For a state's share of Medicaid funding, that funding can come from a variety of sources. States can fund their share through general funds, other state funds, tobacco settlement funds, or even local government funds. This funding approach is another example of the laboratory of the states trying out different policy proposals to find what works best for their specific situations. While states have broad flexibility in funding their programs, there is a prohibition on using federal funds to cover the state's share of the program. States can tax all healthcare providers and long-term care service providers, regardless of their participation in Medicaid, and use the revenue to cover the state's share of the costs.

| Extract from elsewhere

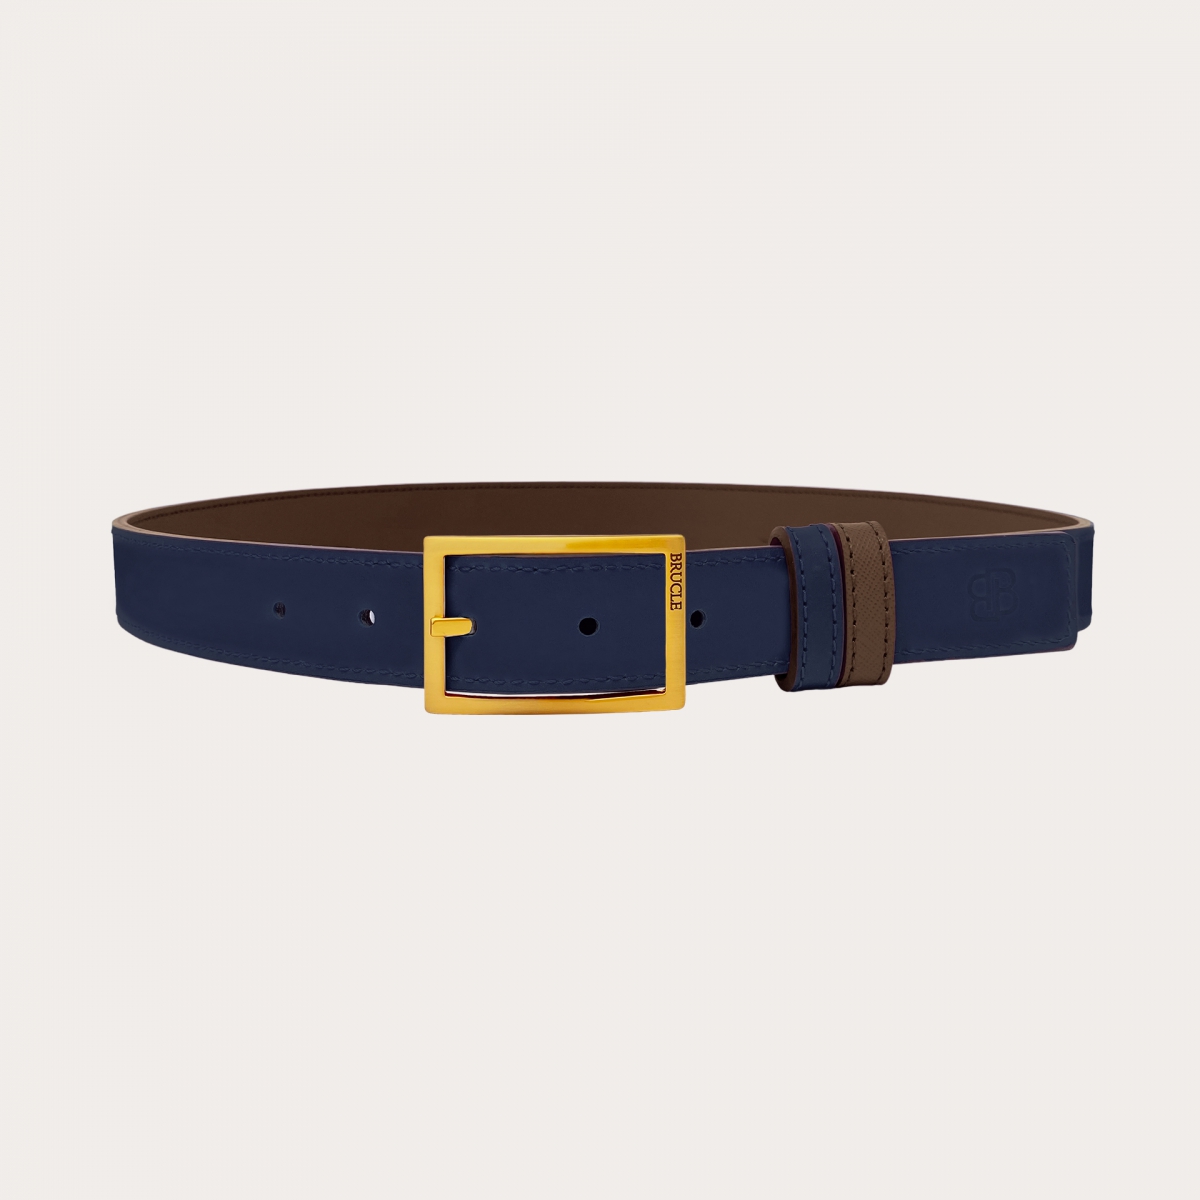 Cinturón reversible en Saffiano marron oscuro y piel azul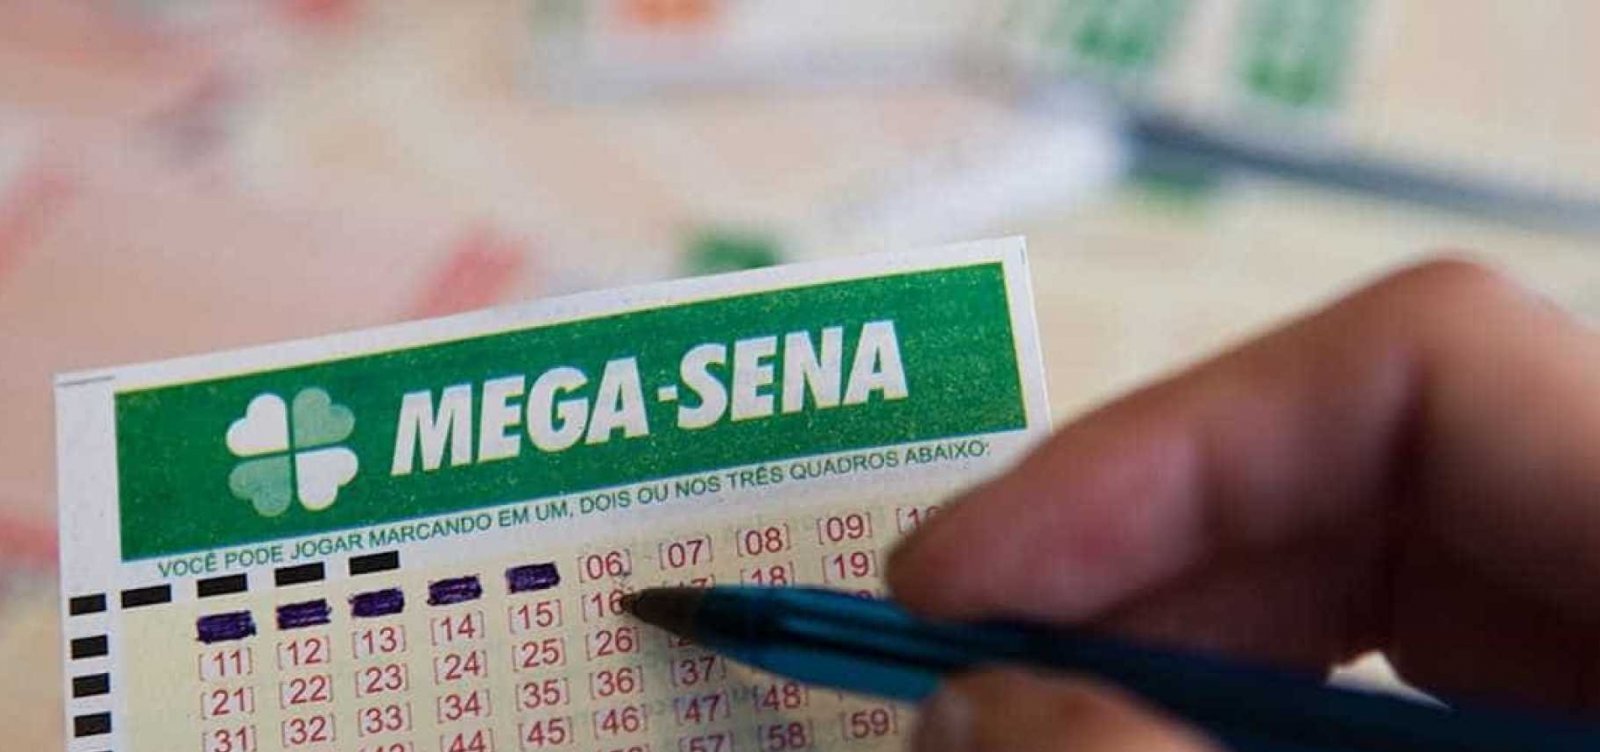 Morador de cidade baiana acerta as seis dezenas e ganha R$ 2,5 mi na Mega-Sena

County or municipal hospitals, or any government provider that pays for eligible services, engage in what is called a certified public expenditure (CPE). The state can use the costs associated with CPEs to support the state’s share. Finally, intergovernmental transfers, transfers from local government entities to the Medicaid agency before costs are incurred, can also be used to support the state’s share.
Medicaid Expansion
Medicaid Expansion under the Patient Portability and Affordable Care Act (PPACA, commonly referred to as the Affordable Care Act or Obamacare) offered a different FMAP percentage for states that expanded Medicaid to cover able-bodied adults whose incomes are at or below 133% of the federal poverty level. For these "newly eligibles," the FMAP was initially 100% to be drawn down to 90% by 2020. Additionally, for states that had utilized waivers to cover many of the newly eligible individuals, there was a range of FMAP increases that would eventually settle at 90% by 2020. Finally, the American Rescue Plan Act added incentives for states that hadn't expanded Medicaid. These states were offered two years with a 5% FMAP increase to incentivize expansion during the COVID-19 Pandemic.
States are required to make regular payments to hospitals that see a higher proportion of low-income patients, as these patients are more likely to be uninsured or on Medicaid. These payments are called Disproportionate Share Hospital (DSH, pronounced 'dish') payments. DSH payments exist to recognize that by taking on more care of uninsured and Medicaid patients, hospitals are taking on more financial risk, as Medicaid reimburses at lower rates than Medicare or commercial insurance, while uninsured patients often yield no payments. Unlike other Medicaid expenditures, DSH payments are capped at the state's previous year's DSH payments or 12% of the state's total Medicaid expenditures.
Medicaid is a complex program, and no two state programs are the same. While the federal share is easily identified by statutory requirements for the Appropriations Committees to fund, the state share can vary in its sources as widely as the number of states' Medicaid programs. This flexibility leads to experimentation, as well as the sharing of best practices among states, all while allowing them to meet their unique needs.